[Given information]
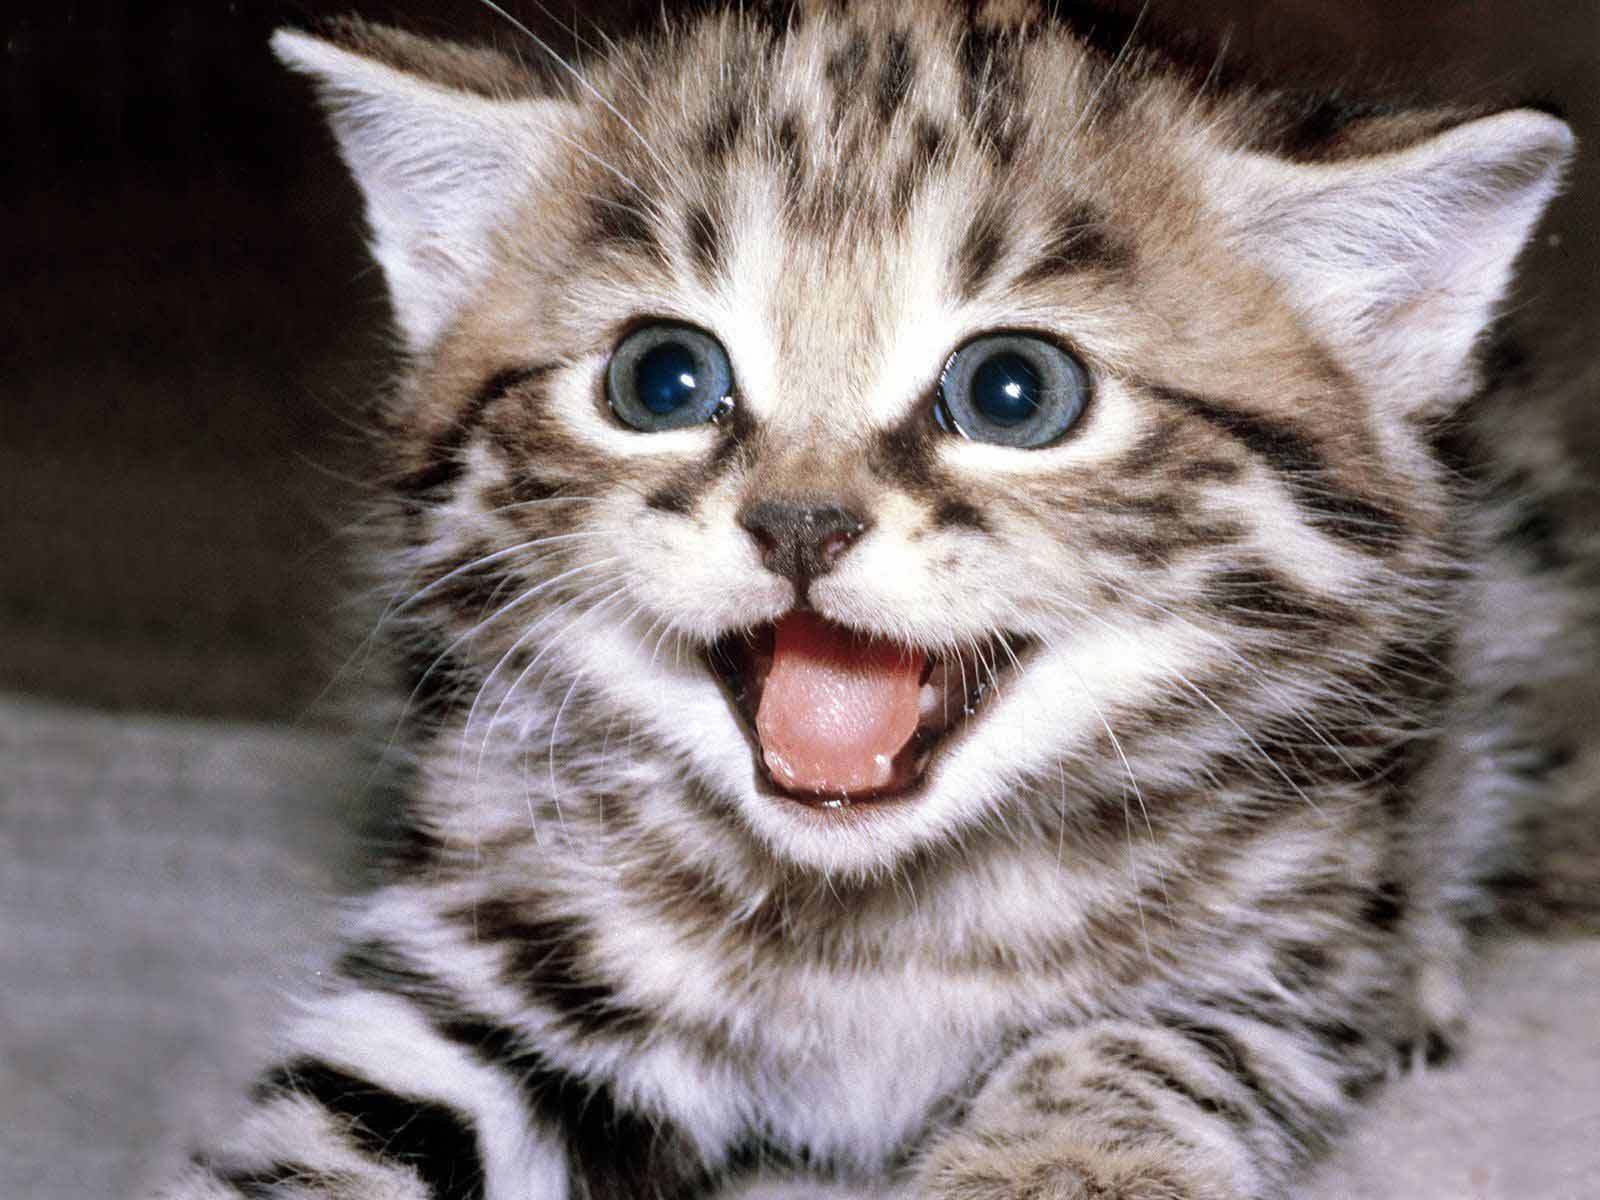 happy-kitten-kittens-5890512-1600-1200.jpg
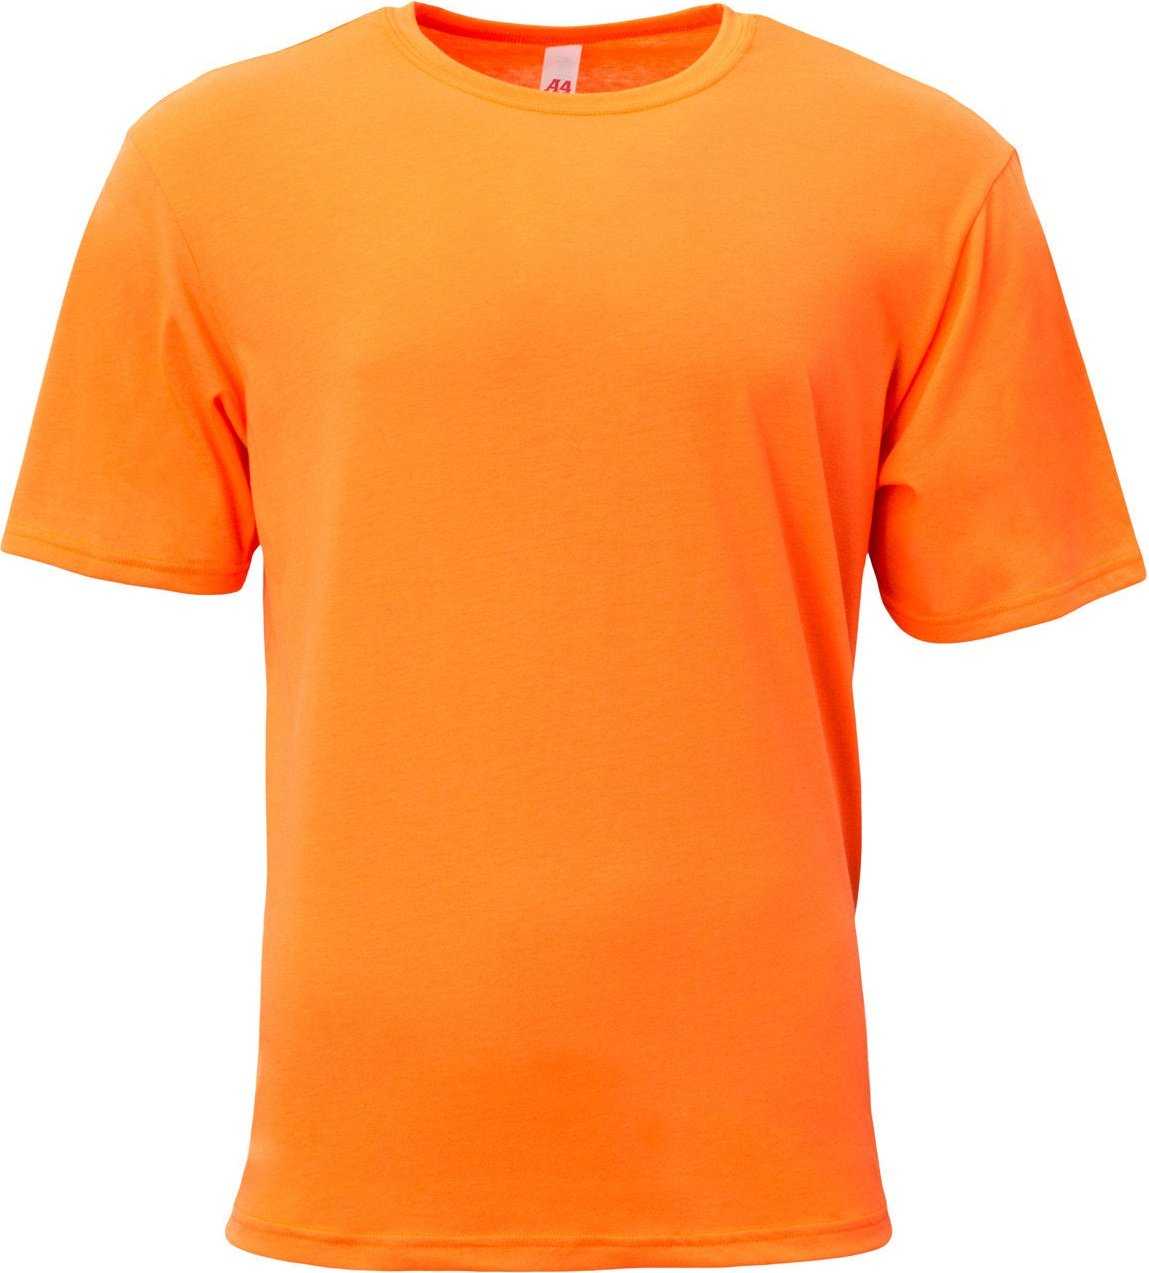 A4 N3013 Adult Softek T-Shirt - SAFETY ORANGE - HIT a Double - 1
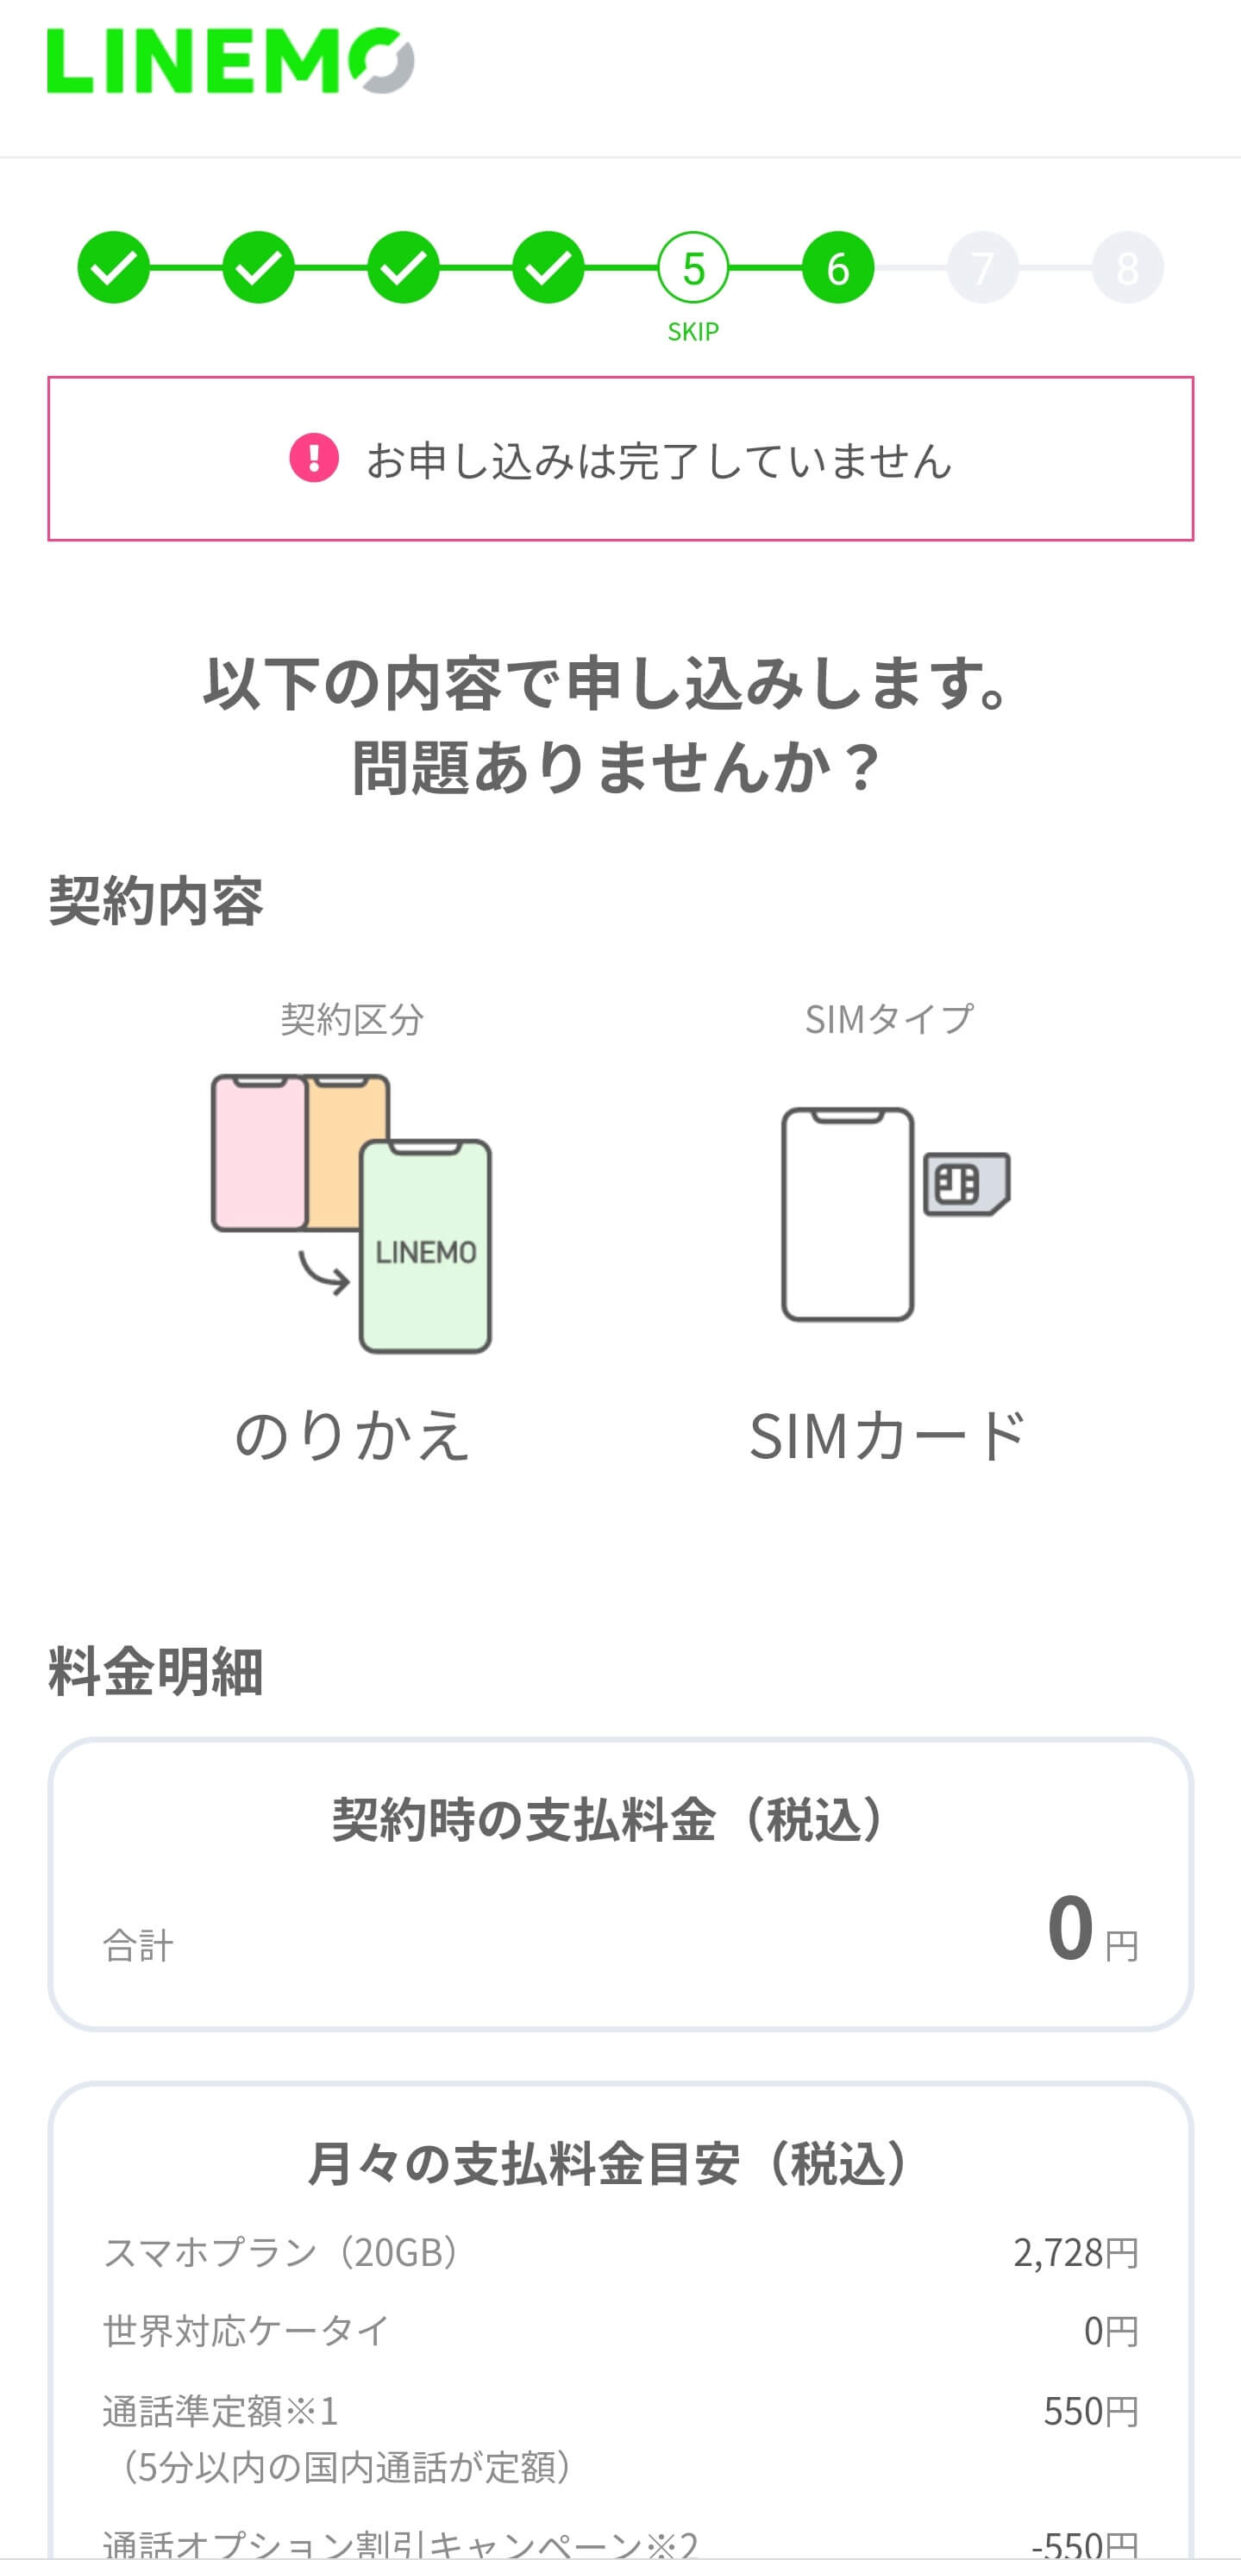 linemo-application-21-scaled-1 絶対に格安SIM選びで失敗しないLINEMO(ラインモ)の解説サイト

[Problem] All pictures should be dropped; the lines from the one containing "A4 N3013 Adult" through the last line of the material are to be set down exactly.

[Written solution]
 A4 N3013 Adult Softek T-Shirt - SAFETY ORANGE - HIT a Double - 1
 linemo-application-21-scaled-1 絶対に格安SIM選びで失敗しないLINEMO(ラインモ)の解説サイト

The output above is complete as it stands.